StarFlow and the AR models are fixed but DiT is being compared at different amount of steps and we don't really care if we generate garbage at blazing speeds[0]. Go look at... also Figure 10 (lol) from the DiT paper[1], it compares FID to model sizes and sampling steps. It looks like StarFlow is comparing to DiT-XL/2-G. In [1] they do {16,32,64,128,256,1024} steps which corresponds to (roughly) 10k-FID of 60, 35, 25, 22, 21, 20. Translating to StarFlow's graph we'll guesstimate 21,23,50. There's a big difference between 50 and 23 but what might surprise you is that there's a big difference between 25 and 20. Remember that this is a metric that is lower bounded, and that lower bound is not 0... You also start running into the limitations of the metric the closer you get to its lower bound, adding another layer of complexity when comparing[2]

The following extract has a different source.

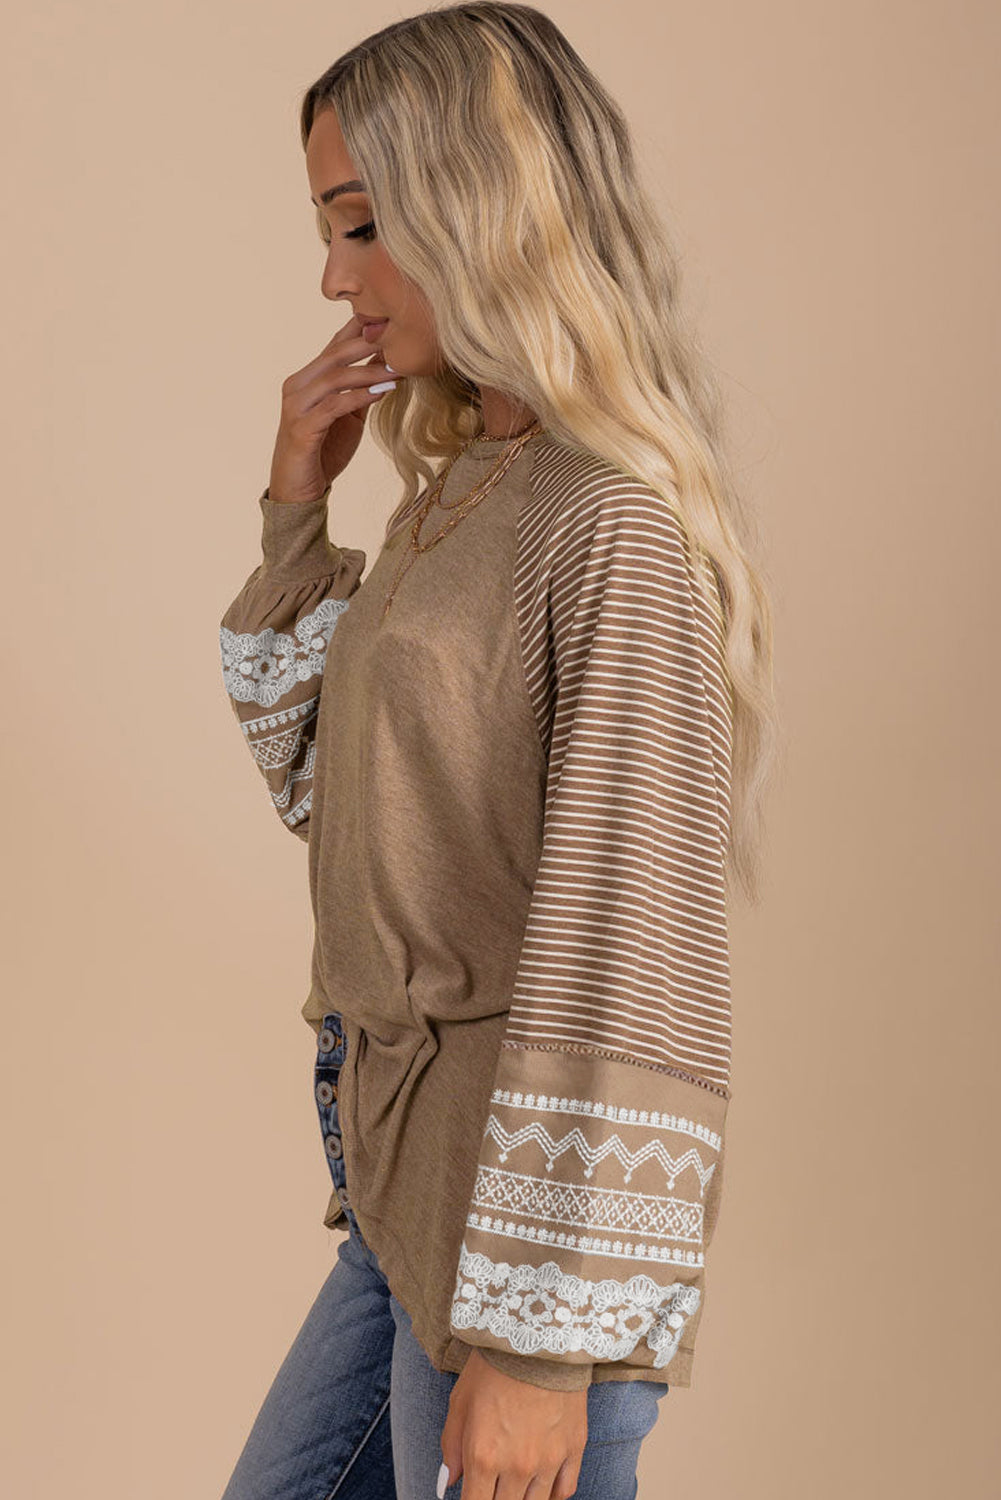 Light French Beige Floral Striped Patchwork Loose Long Sleeve Top

The images from the paper (I believe) are all at 250 steps, which StarFlow is beating at a batch size of 4. So let's look at batches and invert the data. It is imgs/sec so let's do (1/<guestimate of y-value>) * batch. We get this
So what's happening here is that StarFlow is invariant to the batch size while DiT is not. Obviously this won't hold forever, but DiT doesn't get advantage from batching. You could probably make up these differences by caching the model because it looks like there's a turn from model loading dominating to actual generation dominating. Whereas StarFlow has that turnover at batch 2.
And batching (even small batches) is going to be pretty common, especially when talking about industry. The scaling here is a huge win to them. It (roughly) costs you just as much to generate 64 images as it does 2. Worst case scenario, you hand your customers batched outputs and they end up happier because frankly, generating images is still an iterative process and good luck getting the thing you want on just the first shot even if you got all your parameters dialed in. So yeah, that makes a much better product.
I'll also add 2 things. 1) you can get WAY more compression out of Normalizing Flows 2) there's just a ton you can do with Flows that you can't with diffusion. The explicit density isn't helpful only for the math nerds. It is helpful for editing, concept segmentation, interpolation, interpretation, and so much more.
[0] https://tvgag.com/content/quotes/6004-jpg.jpg
[1] https://arxiv.org/abs/2212.09748
[2] Basically, place exponentially growing importance on FID gaps as they lower and then abandon the importance completely because it doesn't matter. As an example, take FFHQ-256 with FID-50k. Image quality difference between 50 and 20 is really not that big, visually. But there's a *HUGE** difference between 10 and 5. Visually, probably just as big as the difference between 5 and 3. But once you start going below 3 you really shouldn't rely on the metric anymore and comparing a 2.5 model to 2.7 is difficult.